# [AVAILABLE DATA]
━━━

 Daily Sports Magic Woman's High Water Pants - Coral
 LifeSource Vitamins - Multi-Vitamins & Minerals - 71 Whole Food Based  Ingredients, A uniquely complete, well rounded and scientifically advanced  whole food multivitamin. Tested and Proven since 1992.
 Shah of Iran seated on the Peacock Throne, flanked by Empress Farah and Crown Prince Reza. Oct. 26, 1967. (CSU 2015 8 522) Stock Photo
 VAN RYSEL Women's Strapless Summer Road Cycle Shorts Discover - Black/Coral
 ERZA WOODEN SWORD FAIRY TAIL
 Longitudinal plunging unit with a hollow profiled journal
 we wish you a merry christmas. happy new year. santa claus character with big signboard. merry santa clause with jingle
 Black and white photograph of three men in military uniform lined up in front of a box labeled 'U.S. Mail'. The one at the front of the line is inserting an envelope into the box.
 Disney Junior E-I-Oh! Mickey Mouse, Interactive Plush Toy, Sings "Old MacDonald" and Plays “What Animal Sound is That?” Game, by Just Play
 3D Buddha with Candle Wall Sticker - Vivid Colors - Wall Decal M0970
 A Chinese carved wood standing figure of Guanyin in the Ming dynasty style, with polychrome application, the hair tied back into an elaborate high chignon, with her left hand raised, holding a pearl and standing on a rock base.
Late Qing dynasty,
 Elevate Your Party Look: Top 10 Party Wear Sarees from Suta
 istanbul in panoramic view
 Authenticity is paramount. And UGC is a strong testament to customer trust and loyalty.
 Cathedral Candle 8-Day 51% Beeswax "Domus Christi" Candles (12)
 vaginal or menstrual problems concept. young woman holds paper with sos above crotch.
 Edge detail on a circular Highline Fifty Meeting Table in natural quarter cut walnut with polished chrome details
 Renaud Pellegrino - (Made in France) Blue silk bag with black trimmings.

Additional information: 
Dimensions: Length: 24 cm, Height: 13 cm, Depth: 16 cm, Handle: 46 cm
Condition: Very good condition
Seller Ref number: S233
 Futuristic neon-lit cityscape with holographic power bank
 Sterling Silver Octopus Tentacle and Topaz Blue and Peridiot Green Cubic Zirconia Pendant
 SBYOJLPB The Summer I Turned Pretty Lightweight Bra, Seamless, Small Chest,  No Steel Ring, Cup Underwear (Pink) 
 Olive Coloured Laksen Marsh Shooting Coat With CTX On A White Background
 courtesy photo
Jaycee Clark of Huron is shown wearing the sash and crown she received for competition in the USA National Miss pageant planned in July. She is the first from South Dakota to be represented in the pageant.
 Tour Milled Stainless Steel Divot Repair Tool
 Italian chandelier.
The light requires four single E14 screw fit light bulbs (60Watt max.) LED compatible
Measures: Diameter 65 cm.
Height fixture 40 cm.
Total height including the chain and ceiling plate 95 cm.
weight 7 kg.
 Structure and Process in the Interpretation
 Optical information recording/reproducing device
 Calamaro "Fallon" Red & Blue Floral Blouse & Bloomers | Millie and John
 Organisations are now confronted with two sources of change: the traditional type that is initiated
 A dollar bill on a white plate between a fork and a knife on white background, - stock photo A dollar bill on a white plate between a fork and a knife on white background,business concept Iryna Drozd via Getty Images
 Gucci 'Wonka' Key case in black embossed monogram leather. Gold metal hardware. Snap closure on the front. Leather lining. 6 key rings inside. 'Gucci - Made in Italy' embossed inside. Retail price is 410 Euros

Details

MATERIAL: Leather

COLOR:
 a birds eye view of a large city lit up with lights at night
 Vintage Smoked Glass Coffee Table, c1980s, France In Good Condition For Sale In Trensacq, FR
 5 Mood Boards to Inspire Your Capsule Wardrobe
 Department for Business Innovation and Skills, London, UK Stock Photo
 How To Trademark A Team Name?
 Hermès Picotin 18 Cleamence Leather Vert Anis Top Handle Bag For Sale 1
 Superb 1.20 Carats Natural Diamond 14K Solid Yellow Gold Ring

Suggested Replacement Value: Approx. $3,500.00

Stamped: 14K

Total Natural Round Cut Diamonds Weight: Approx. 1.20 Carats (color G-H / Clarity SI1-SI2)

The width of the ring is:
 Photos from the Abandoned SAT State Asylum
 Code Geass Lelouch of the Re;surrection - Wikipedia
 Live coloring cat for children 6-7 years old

━━━

# [ASSIGNMENT]
Each line in the entries above, starting at the line with "Elevate Your Party" and ending at the line with "Edge detail on", is to be printed exactly, and only those lines.

# [ANSWER TO THE EXERCISE]
 Elevate Your Party Look: Top 10 Party Wear Sarees from Suta
 istanbul in panoramic view
 Authenticity is paramount. And UGC is a strong testament to customer trust and loyalty.
 Cathedral Candle 8-Day 51% Beeswax "Domus Christi" Candles (12)
 vaginal or menstrual problems concept. young woman holds paper with sos above crotch.
 Edge detail on a circular Highline Fifty Meeting Table in natural quarter cut walnut with polished chrome details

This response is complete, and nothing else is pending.